Material provided >>
....

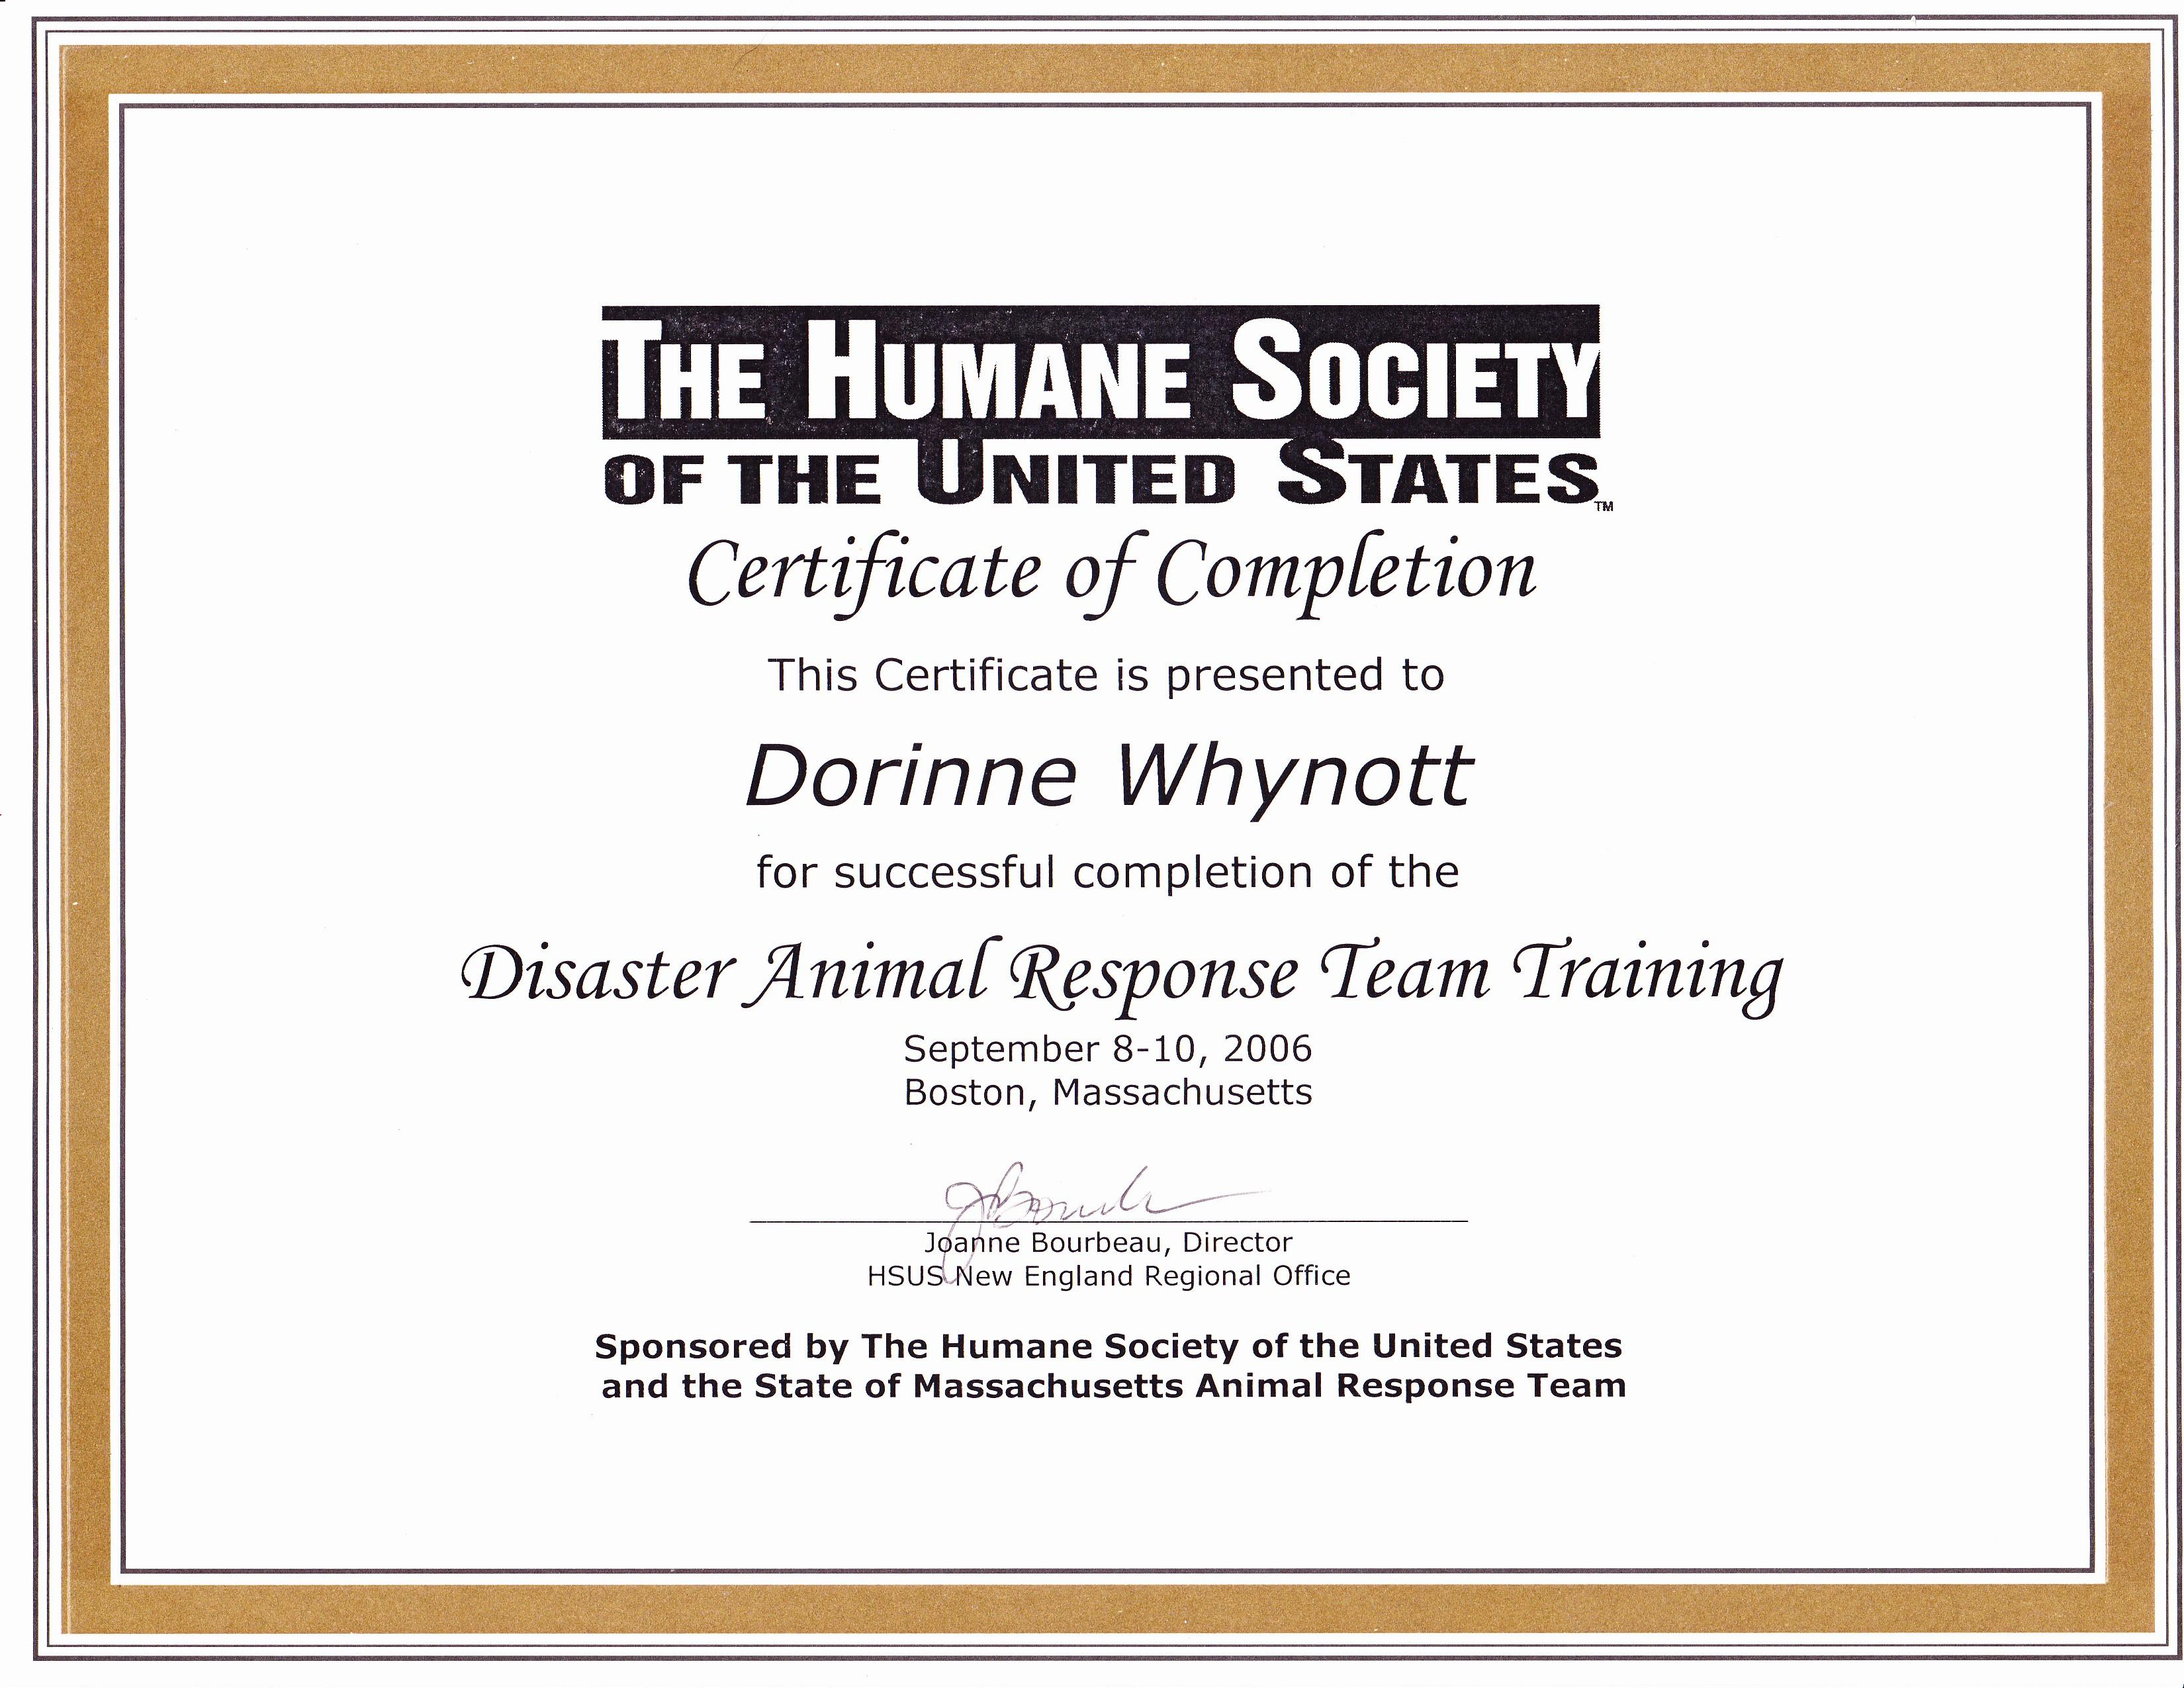 HSUS Disaster Team 2006
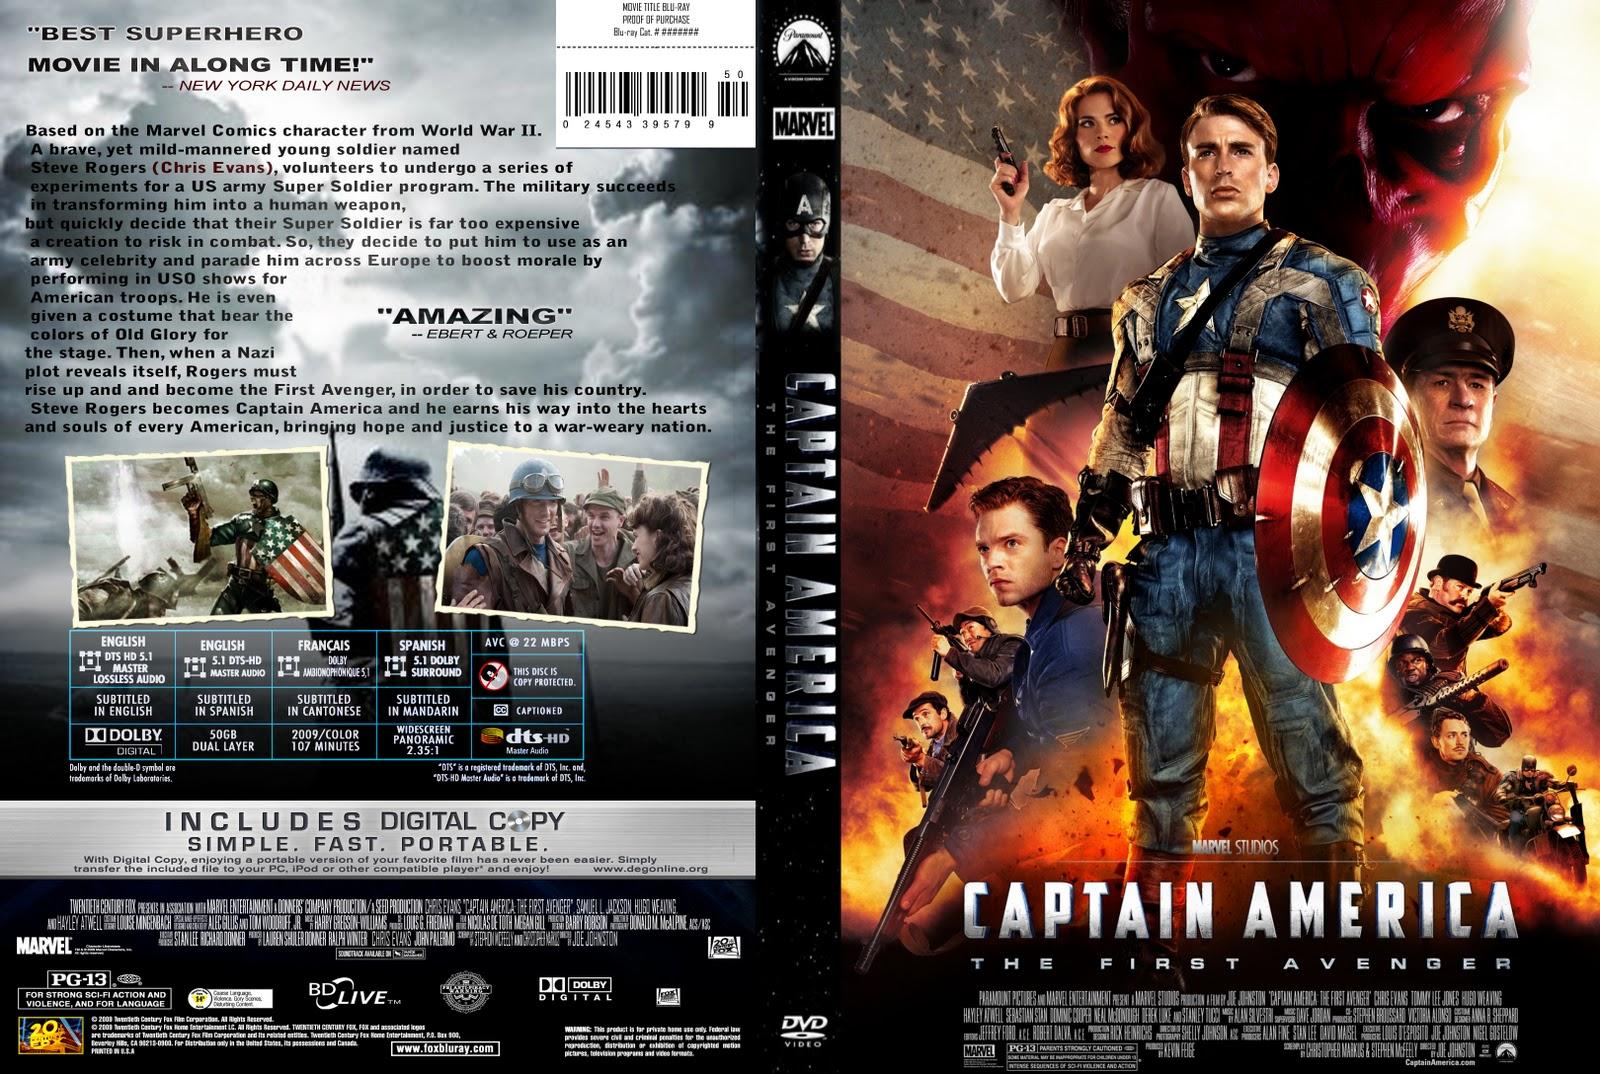 Captain america the first avenger 2011 - Captain America The First Avenger 2011 Dvd Cover Hd
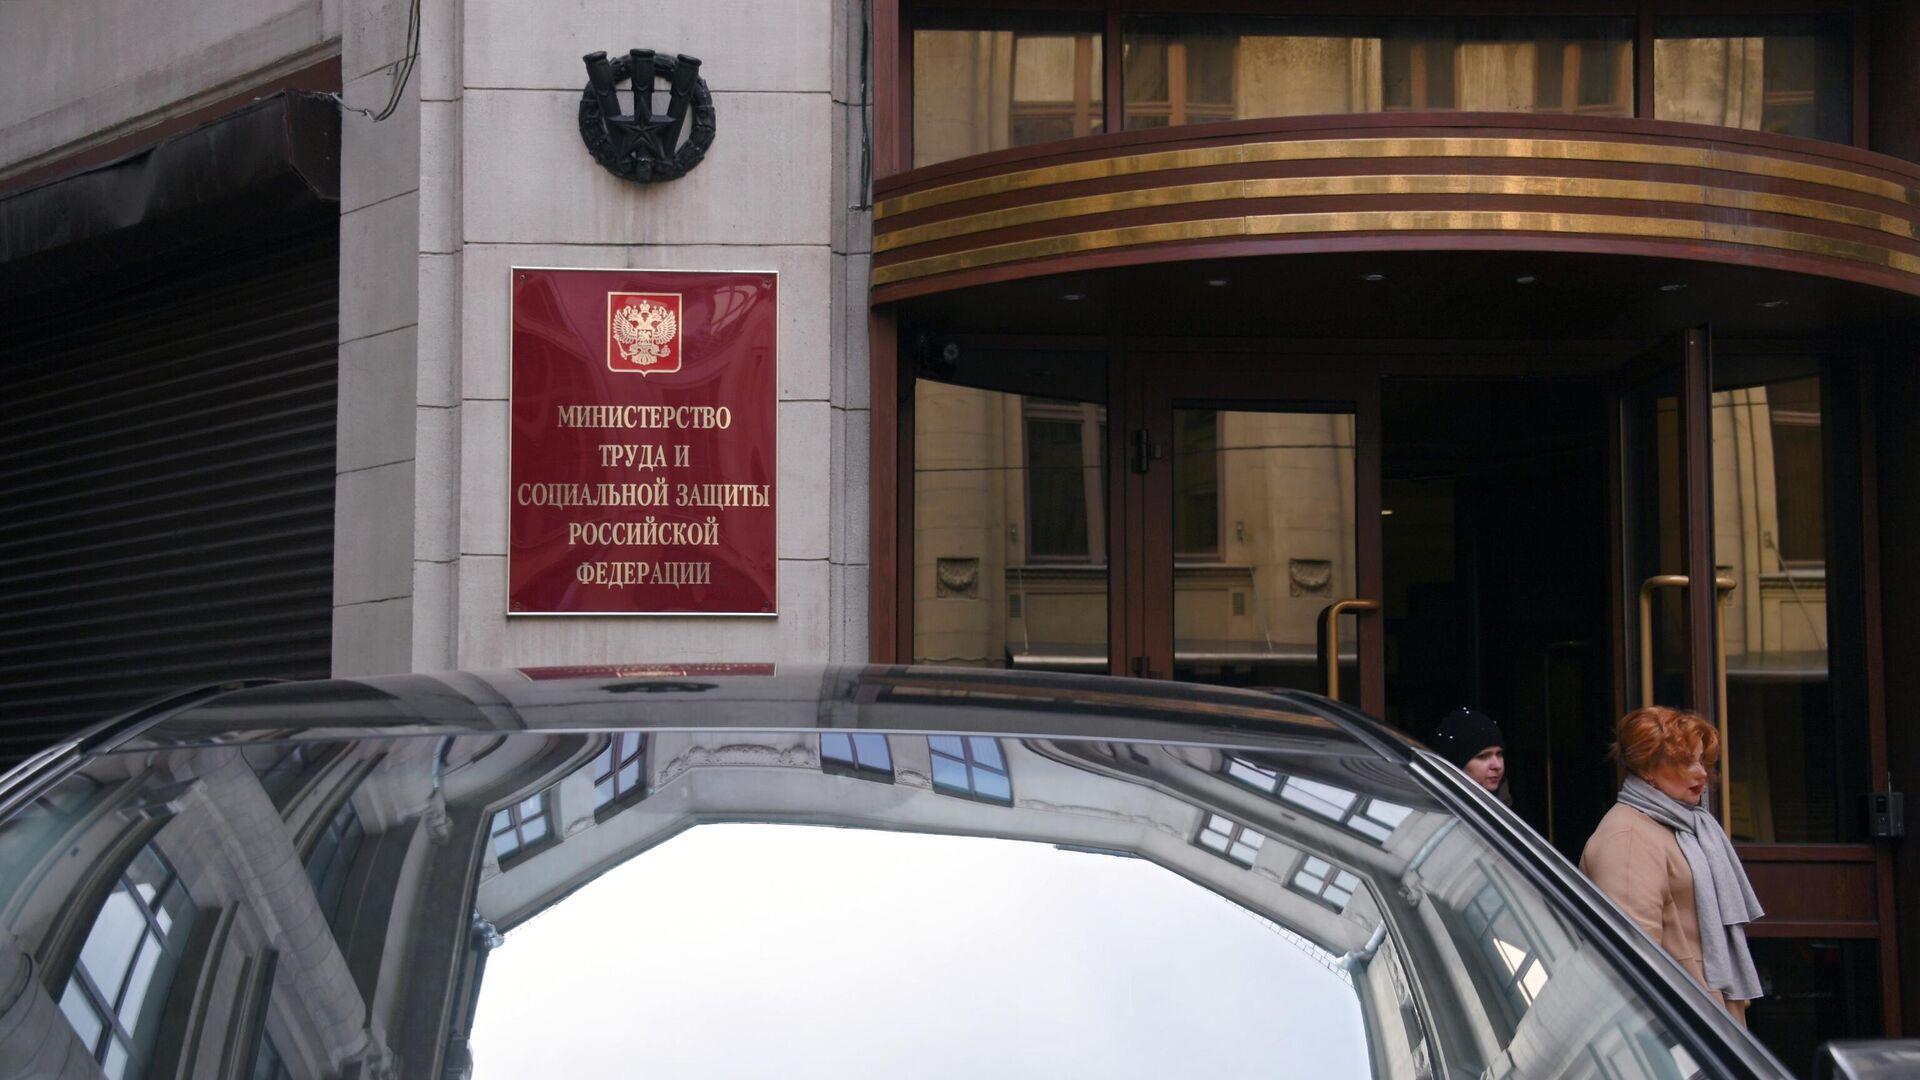 Здание Министерства труда и социальной защиты РФ - РИА Новости, 1920, 20.04.2021

....

What the task asks >> Apart from the pictures, every line of the data above should be given again exactly.

Output of the exercise >>
 HSUS Disaster Team 2006
 Captain america the first avenger 2011 - Captain America The First Avenger 2011 Dvd Cover Hd
 Здание Министерства труда и социальной защиты РФ - РИА Новости, 1920, 20.04.2021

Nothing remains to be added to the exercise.